Auch der Hinweis im außerordentlichen Revisionsrekurs, dass „Litigation‑PR“ nicht verboten sei, ist nicht zielführend. In der Entscheidung 4 Ob 38/13m wurde aus § 141 AußStrG (als gegenüber den Bestimmungen zur Akteneinsicht speziellerer Norm) ein ausnahmsloses Weitergabeverbot personenbezogener Daten bzw von Aktenbestandteilen gegenüber Dritten abgeleitet, und zwar nicht nur in Bezug auf die Einkommens- und Vermögensverhältnisse eines Pflegebefohlenen, sondern (aufgrund eines Größenschlusses) auch in Bezug auf die sensibleren persönlichen Verhältnisse, wie etwa den Geisteszustand, aber auch das persönliche Leid einer schutzbedürftigen Person. Dazu wurde festgehalten, dass das Pflegschaftsverfahren ausschließlich dem Schutz der Interessen des Pflegebefohlenen dient. Daraus folgt, dass Informationen aus gerichtlichen Verfahren, an denen minderjährige Kinder beteiligt sind, als vertrauliche Informationen anzusehen sind, für die eine besondere Verschwiegenheitspflicht besteht. Richtig ist an sich, dass sich die in Rede stehende Norm an das Gericht wendet. Ihr ist allerdings das allgemeine Prinzip zu entnehmen, dass die Lebens- und Vermögensverhältnisse eines Pflegebefohlenen in seinem Interesse geschützt sein sollen und nicht der Öffentlichkeit etwa zur Befriedigung der Neugierde oder Sensationslust preisgegeben werden dürfen. Nach dieser Wertung richtet sich das Weitergabeverbot insbesondere auch an den am Verfahren beteiligten gesetzlichen Vertreter des Kindes, der dessen Geheimhaltungsinteresse nicht verletzen und die personenbezogenen Daten nicht missbräuchlich verwenden darf. Wenn die Vorinstanzen auch davon ausgehend eine Gefährdung des Kindeswohls bei der Weitergabe von Informationen aus Gerichtsakten zu einem bei einem Verkehrsunfall schwer verletzten Kind an Medien bejahen, stellt dies keine korrekturbedürftige Fehlbeurteilung dar.

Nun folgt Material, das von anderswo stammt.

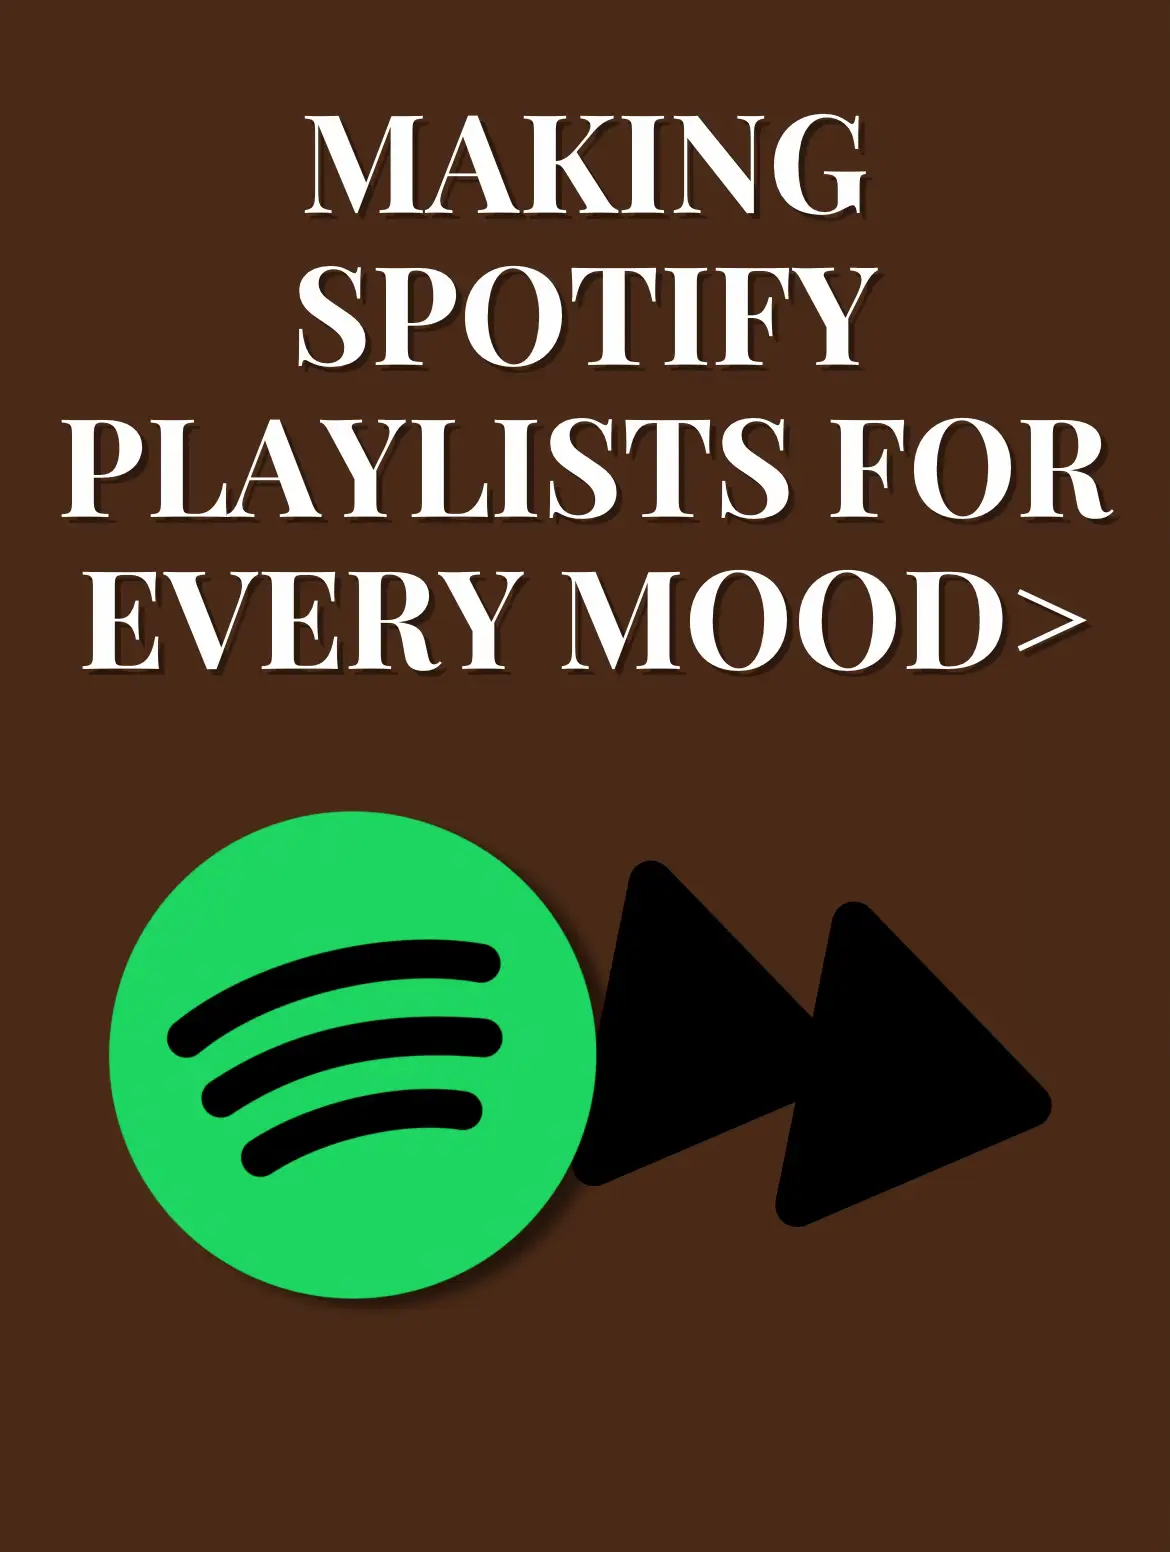 SPOTIFY PLAYLISTS FOR EVERY MOOD>>'s images

6. Mit dem Hinweis auf den Schutz der Familie nach Art 8 EMRK zeigen die Eltern ebenfalls keine erhebliche Rechtsfrage auf. Bei Gefährdung der Interessen des Kindes ist ein Eingriff in die Obsorge durch geeignete sichernde oder unterstützende Maßnahmen grundsätzlich gerechtfertigt. Werden bei einer im Interesse des Kindes gebotenen Beschränkung der Obsorge die jeweils geeigneten gelindesten Mittel angewandt, so ist auch der Verhältnismäßigkeitsgrundsatz gewahrt.
7. Insgesamt gelingt es den Eltern mit ihren Ausführungen nicht, eine erhebliche Rechtsfrage aufzuzeigen. Der außerordentliche Revisionsrekurs war daher zurückzuweisen.